== INPUT DATA
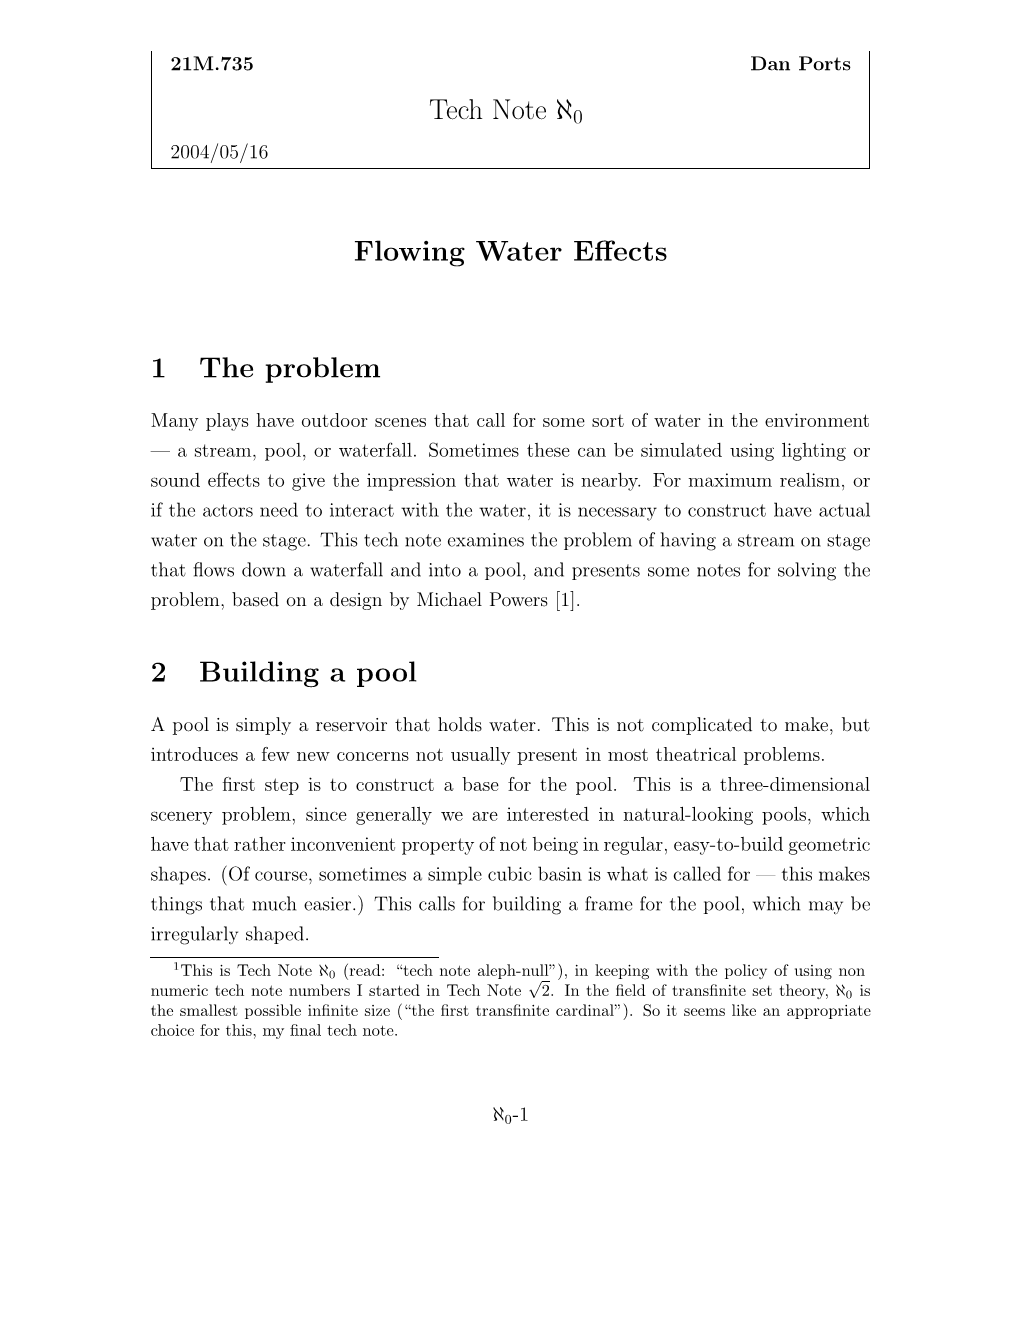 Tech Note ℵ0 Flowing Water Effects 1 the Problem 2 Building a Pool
====
== INPUT DATA
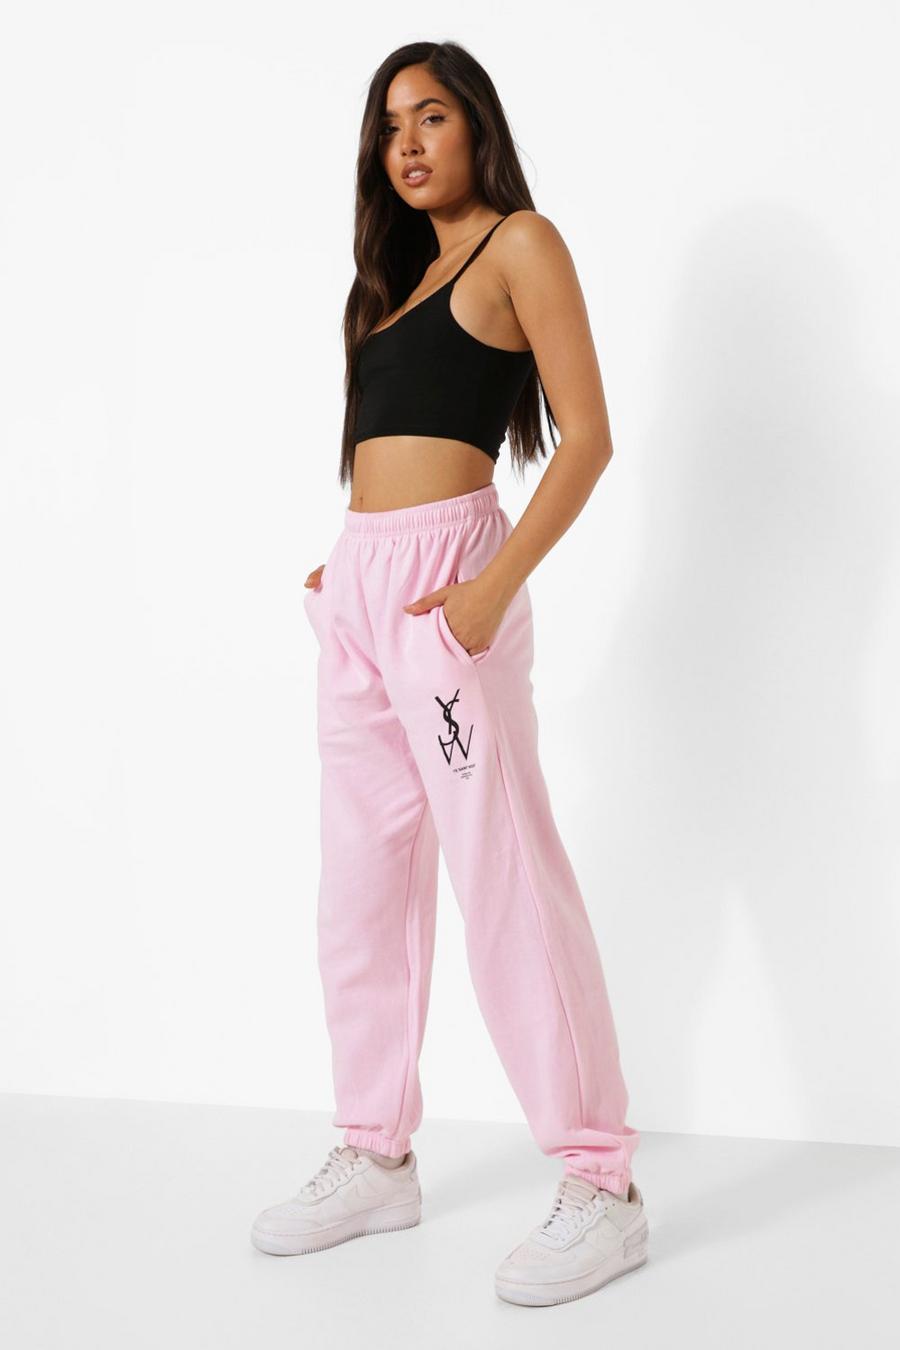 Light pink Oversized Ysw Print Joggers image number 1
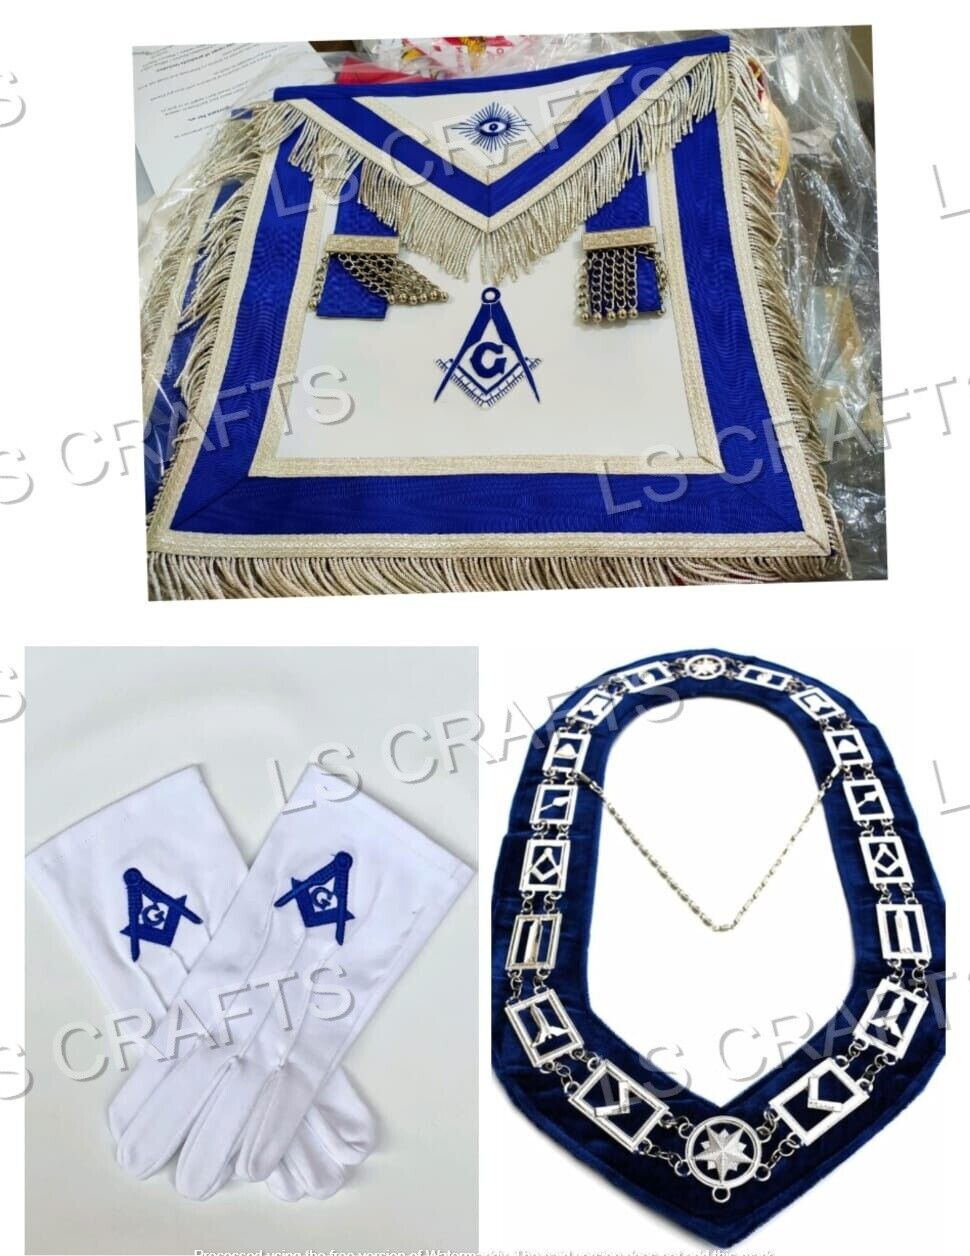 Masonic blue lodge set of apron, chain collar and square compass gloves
====
== INPUT DATA
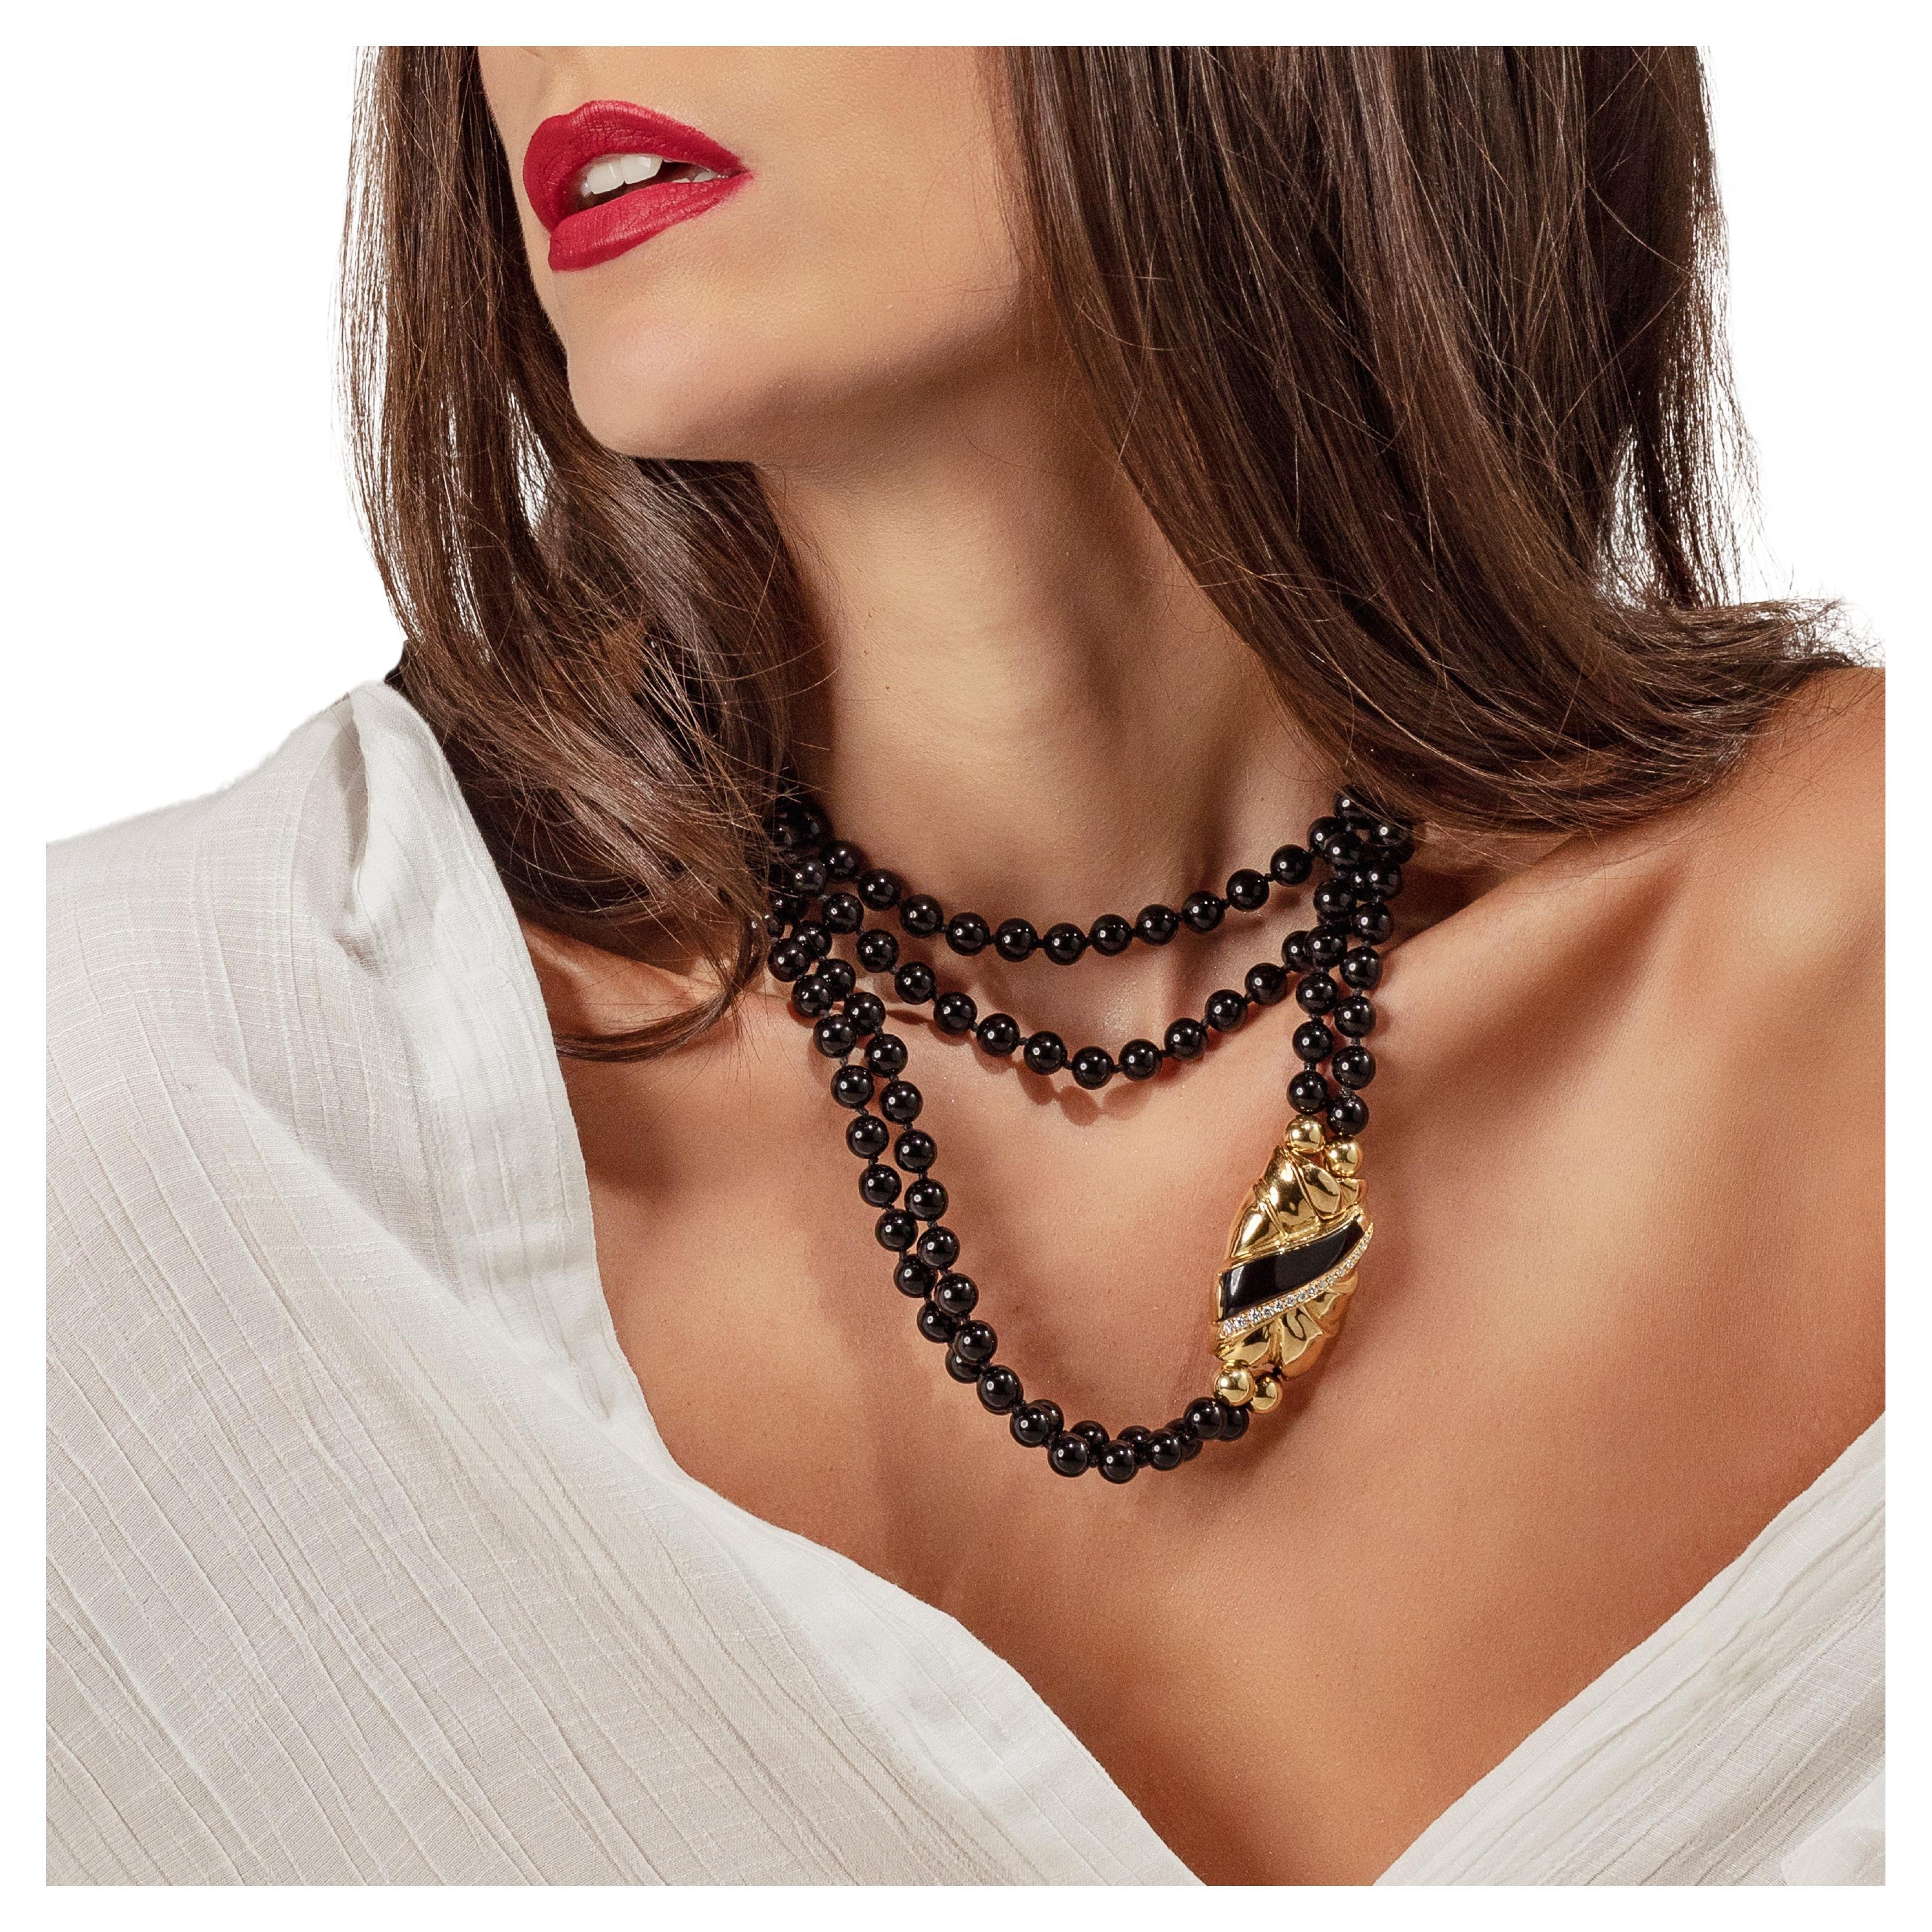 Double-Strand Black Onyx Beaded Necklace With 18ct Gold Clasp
====
• **TASK DIRECTIONS**
Set the pictures aside and reproduce exactly the lines above, from the line holding "Light pink Oversized" through the line holding "Masonic blue lodge", both included, with nothing else.

• **ANSWER TO THE EXERCISE**
 Light pink Oversized Ysw Print Joggers image number 1
 Masonic blue lodge set of apron, chain collar and square compass gloves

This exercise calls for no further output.